Now for the gham. Despite the hype, K3G will only be the No. 2 box
office hit of the year. (The number one slot still belongs to the
blockbuster Gadar - Ek Prem Katha). Also, director Karan Johar's
three-and-a-half hour family saga is slipping in smaller cities and
towns. Says trade analyst Komal Nahta, "In trade parlance it's an
overflow film." In other words, distributors stand to recover what
they paid for the rights to the film (Rs 3.5 crore) as well as the
cost of prints and publicity (another crore). In addition, there's the
"overflow", which is estimated at 25-40 per cent of the distributor's
total cost. In this case that's likely to amount to over a crore for
every distributor.
Manoj Desai, a prominent Mumbai exhibitor who is playing K3G in his
theatres, says he has had 42 straight housefull shows for two weeks.

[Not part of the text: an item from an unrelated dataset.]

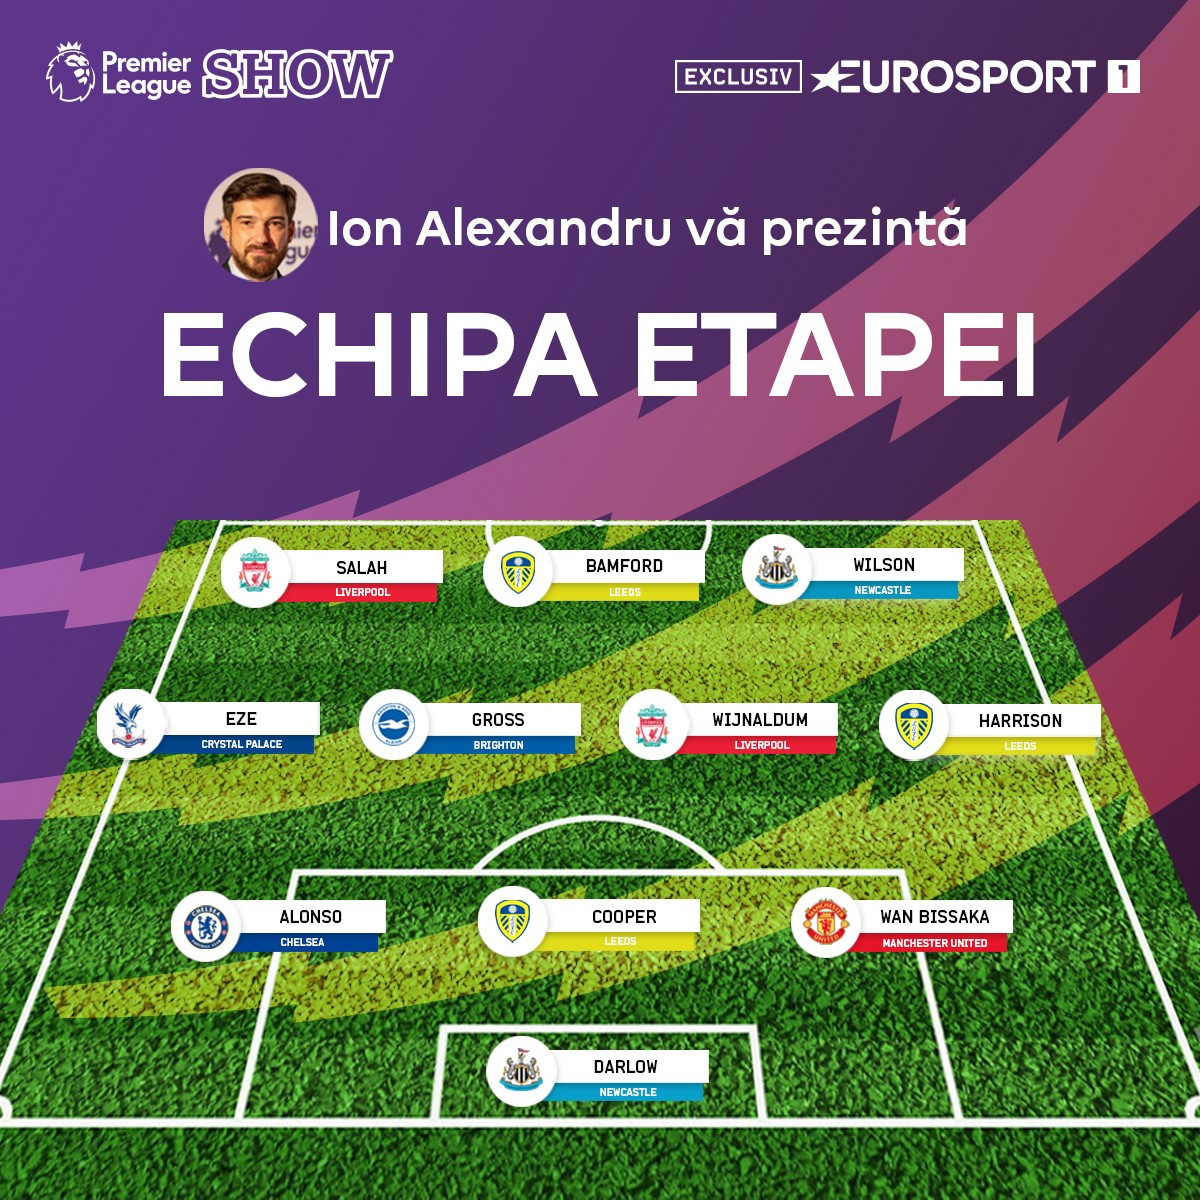 https://i.eurosport.com/2021/02/01/2982949.jpg

"People said Karan's first film, Kuch Kuch Hota Hai, was a fluke," he
says. "But this film proves that isn't true. After 12 successive flops
over three months, this film has really bailed the industry out."
Despite the huge star cast and traditional family theme, the film is
not wowing the hinterland.
According to Nahta, "Johar's Kuch Kuch Hota Hai was from the heart,
K3G is from the brain. And Indian audiences like their films from the
heart." The length of the film (three-and-a-half hours), and its upper
class sensibility are some of the other reasons why analysts say it
isn't pulling in the crowds in smaller towns.
Director Karan Johar says he is delighted with the film's performance.
"I'm not bothered about figures," he says. "The important thing is
that my film has worked. I've made people cry a little, smile a
little." Kabhi Khushi Kabhie Gham.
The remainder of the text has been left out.